Further tests on 3,550 Alzheimer's patients and more than 110,000 people without dementia in several countries, including the United States, found that the gene variant was more common in Alzheimer's patients.

"It's a very strong effect," raising the risk of Alzheimer's by three to four times — about the same amount as the problem version of the ApoE gene does, said Dr.
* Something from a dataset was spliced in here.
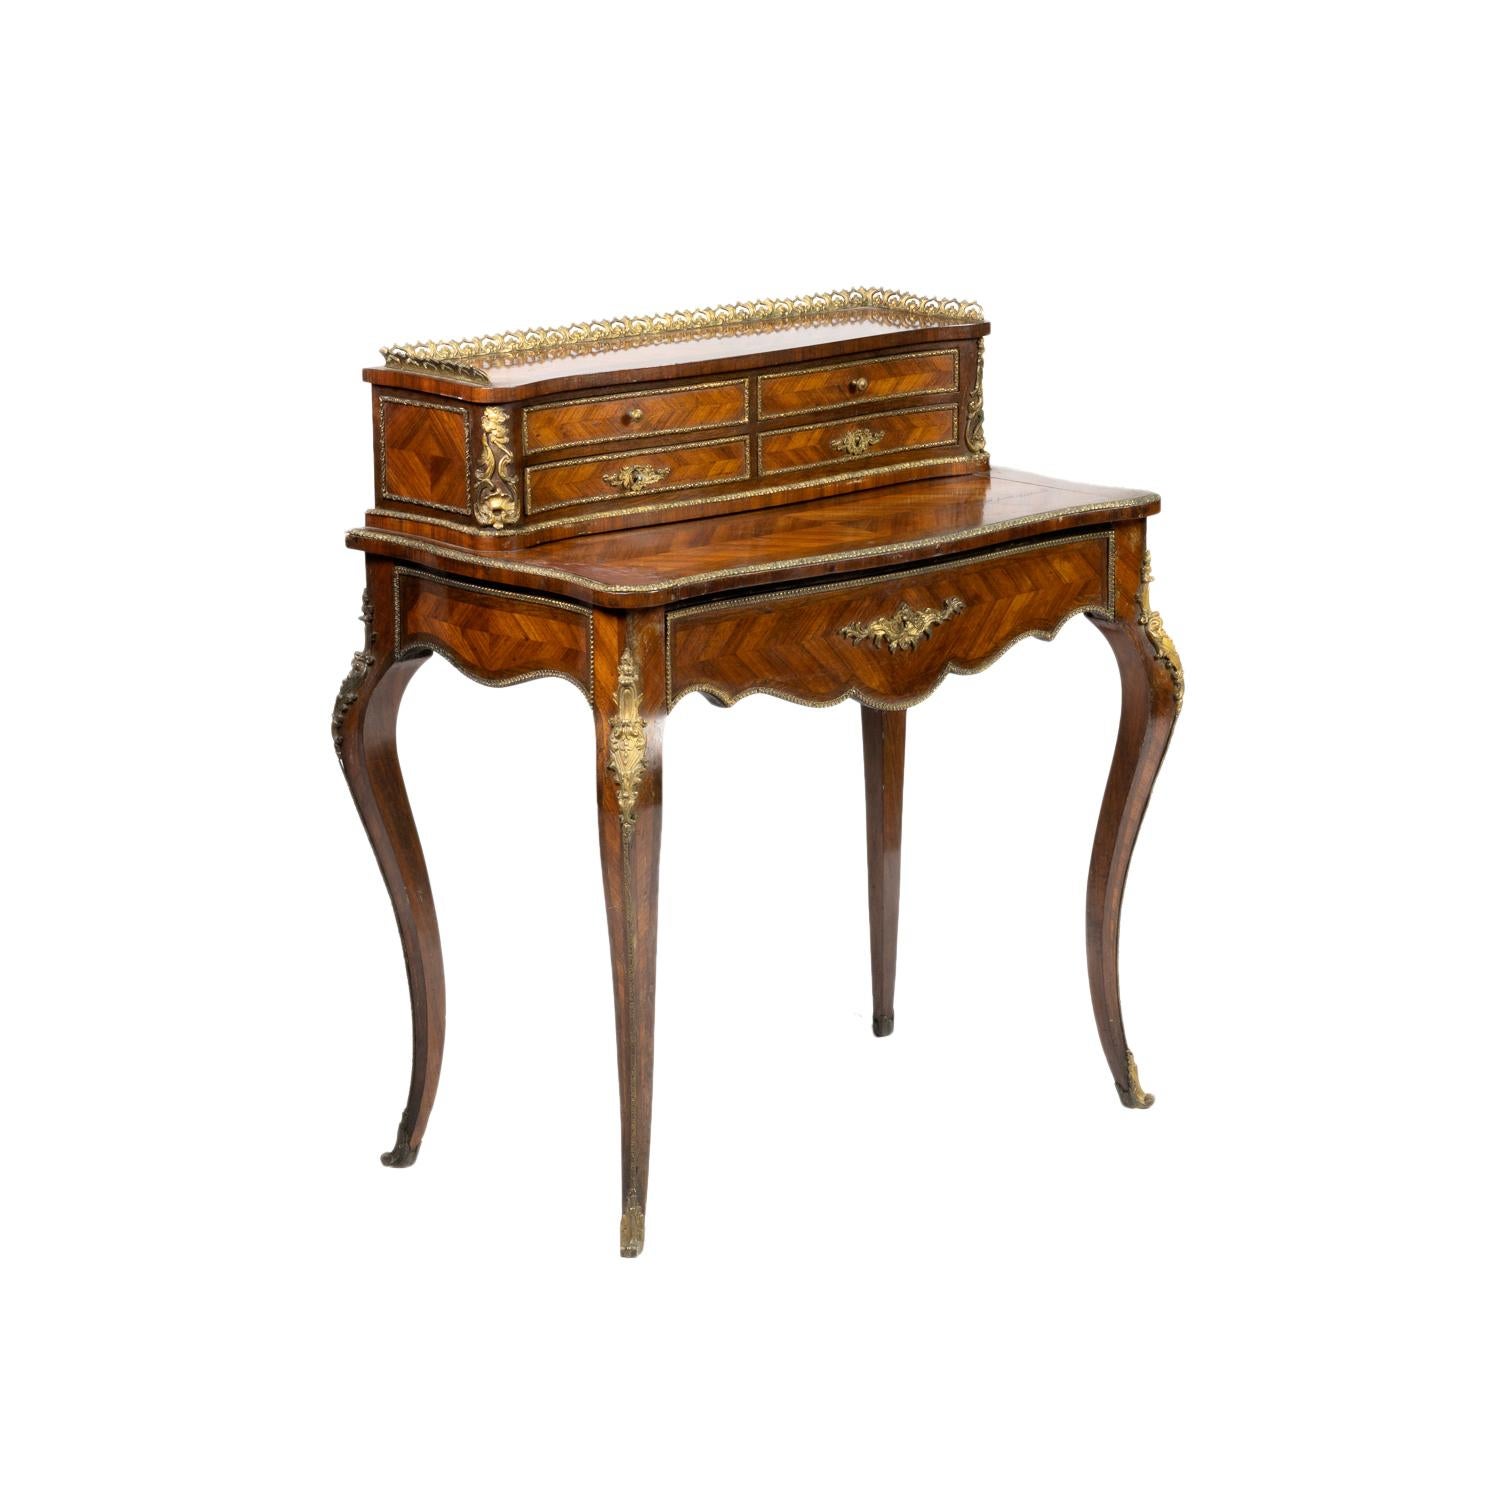 A rare Bonheur Du Jour with gilt brass mounts and exquisite marquetry inlay with French Sèvres Style Porcelain and Ormolu Mounted.
A Louis XVI Style 19th Century piece with four upper draws and one large lower draw with golden rails raised on

Allan Levey, director of an Alzheimer's program at Emory University, one of the academic centers participating in the research.

Researchers also tested more than 1,200 people over age 85 who did not have Alzheimer's disease and found that those with the variant TREM2 gene had lower mental function scores than those without it. This adds evidence the gene variant is important in cognition, even short of causing Alzheimer's.

"It's another piece in the puzzle. It suggests the immune system is important in Alzheimer's disease," said Andrew Singleton, a geneticist with the National Institute on Aging, which helped pay for the study.

One prominent scientist not involved in the study — Dr. Rudolph Tanzi, a Harvard Medical School geneticist and director of an Alzheimer's research program at Massachusetts General Hospital — called the work exciting, but added a caveat.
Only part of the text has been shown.